Tuesday, 9 May 2017

Java SE 9 - JPMS automatic modules

This article in my series on the Java Platform Module System (JPMS) is focussed on automatic modules. JPMS was previously known as Project Jigsaw and is the module system in Java SE 9. See also Module basics, Module naming and Modules & Artifacts.

Automatic modules

Lets say you are in charge of Java, and after 20 years you want to add a module system to the platform. As well as the problems of designing the module system itself, you have to consider migration of all the existing code written in Java (and to a degree, other JVM languages).

The solution to this that JPMS has chosen is automatic modules. Unfortunately, my opinion is that it is the wrong solution.

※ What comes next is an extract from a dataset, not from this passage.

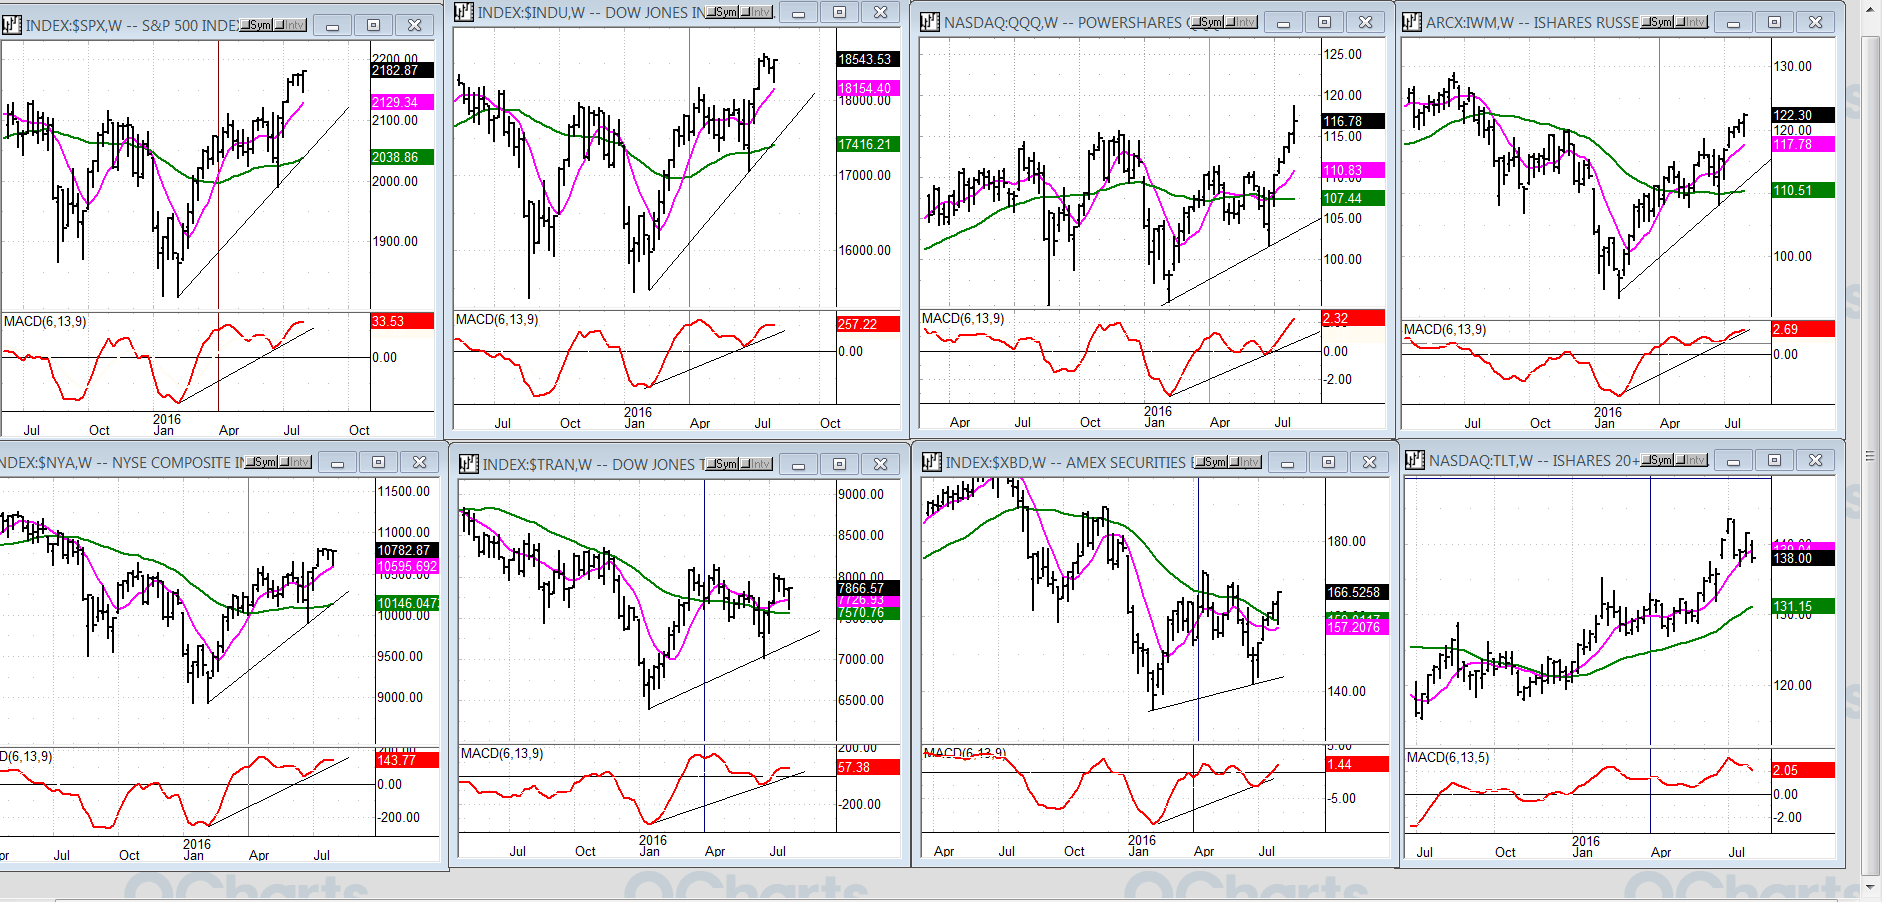 Some Leading & Confirming Indexes Weekly

To understand automatic modules, we have to start by looking at how jar files will be specified in future. In addition to the classpath, Java SE 9 will also have a modulepath. The basic idea is that modules (jar files containing module-info.class) will be placed on the modulepath, not the classpath. In fact, placing a module on the classpath will cause the module declaration (module-info.class) to be completely ignored, which is usually not what you want.

As a basic rule, the modulepath cannot see the classpath. If you create a module and put it on the modulepath, all its dependencies must also be on the modulepath. Thus, in order to write a module at all, all the dependencies must also have been converted to be modules. And many of those dependencies are likely to be open source projects, with varying release schedules.

Clearly, this is a bit of a problem. Essentially, it would mean that an application would need to wait until every dependency had become a module before it could add module-info.java. The "solution" to this is automatic modules.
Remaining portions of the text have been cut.